The 3′ region of the H-fibroin gene was amplified with the Advantage 2 polymerase mix from the Ha23 genomic DNA self-ligated after BanII digestion. A 3-kb fragment was obtained in a PCR with primers HaH-R46 and HaH-F46. It was cloned and sequenced. The sequence matched the previously identified cDNA (Yonemura et al. 2006) but continued with 1819 nt beyond its poly(A) attachment site. The genomic sequence representing the 3′ end of H-fibroin allele 23 (Ha23HF3′) was assigned GenBank accession no. AB354592. The region with similarities to the 3′end of the H-fibroin gene of caddisflies and a few moths is shown in Fig. 5b.


Conservation of the L-Fibroin and H-Fibroin Silk Genes in Trichoptera and Lepidoptera

Analysis of the silk gland-specific cDNAs in R. obliterata complements earlier investigations in H. angustipennis and L. decipiens (Yonemura et al. 2006) and demonstrates that transcripts homologous to the lepidopteran L-fibroin and H-fibroin genes occur in all three suborders of Trichoptera. This paper shows that the organization of the L-fibroin and H-fibroin genes in R. obliterata and H. angustipennis is similar to that of the corresponding lepidopteran genes. Finally, the expression of both genes is restricted to the posterior silk gland section (Yonemura et al. 2006) like in Lepidoptera. These data suggest that ancestral H-fibroin and L-fibroin genes evolved about 250 mya (million years ago), prior to the separation of Trichoptera and Lepidoptera, and were retained in both orders. Fossil Trichoptera date back to ~235 mya (Sukacheva 1968, 1973), and fossil Lepidoptera to ~203 mya (Whalley 1985).

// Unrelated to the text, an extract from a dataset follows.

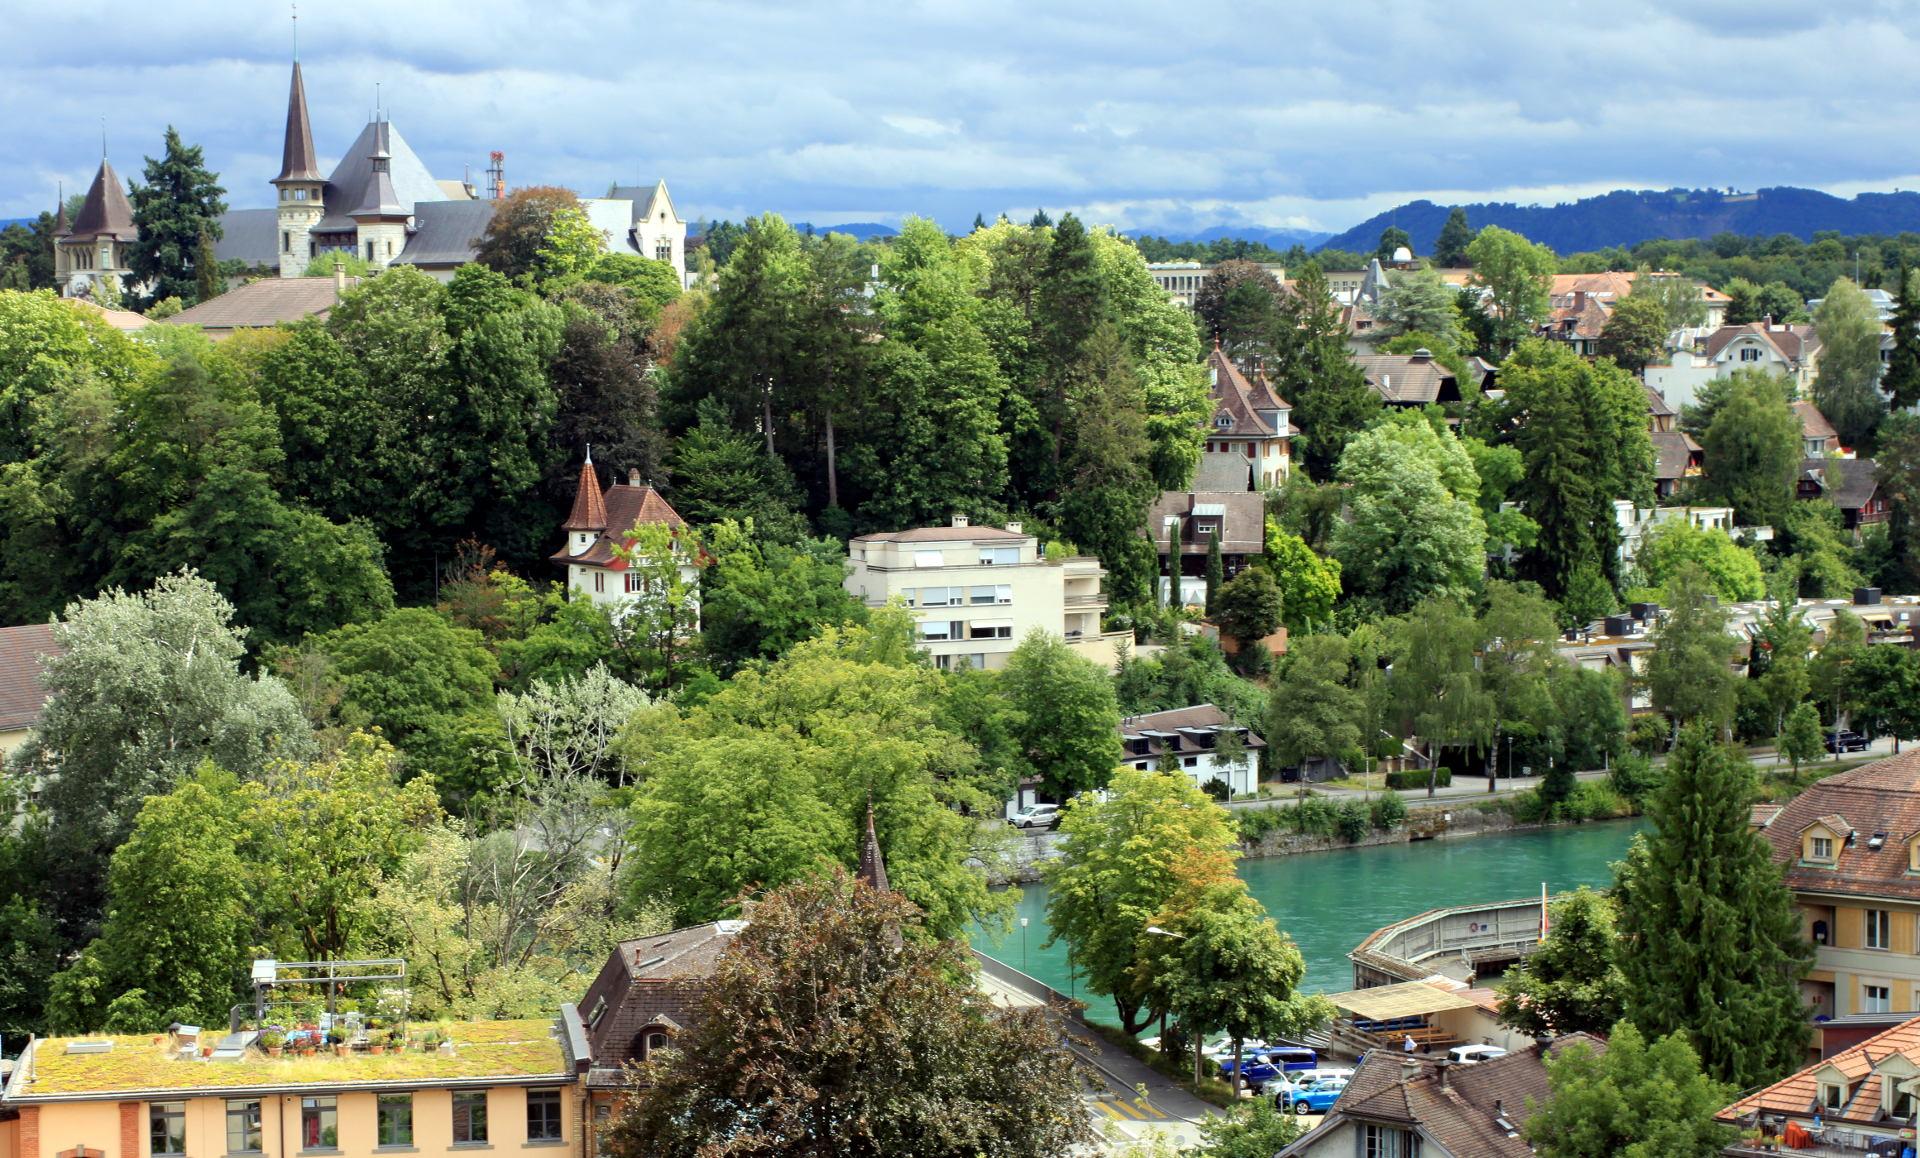 szwajcaria berno bern rzeka aare most kamienice staremiasto stolica iglawpodrozy

B. mori is the only lepidopteran in which the L-fibroin gene was analyzed (GenBank accession no. M76430) and found to contain six introns (Fig. 3). The L-fibroin gene of caddisflies R. obliterata and H. angustipennis (GenBank accession nos. AB354690 and AB354593, respectively) contains five introns that occur at positions comparable to those of introns 1–4 and intron 6 of B. mori, indicating that the fifth intron of B. mori was inserted into the gene after the moths had split from the caddisflies. The total length of introns is about 12,000 bp in B. mori, 9000 in R. obliterata, and <1500 in H. angustipennis. The first intron is much longer than any other and the fourth is the shortest in all species. Donor sequences at the exon/intron boundaries are close to the AGGTRAGT motif (exon sequence underlined), while the acceptor motif YYYYYYYNCAG is in some cases modified to YYYYYYYNTAG. Sequences TTAATC, TTAACT, TTGCTT, and TTGATG within the introns can be regarded as intron branch points.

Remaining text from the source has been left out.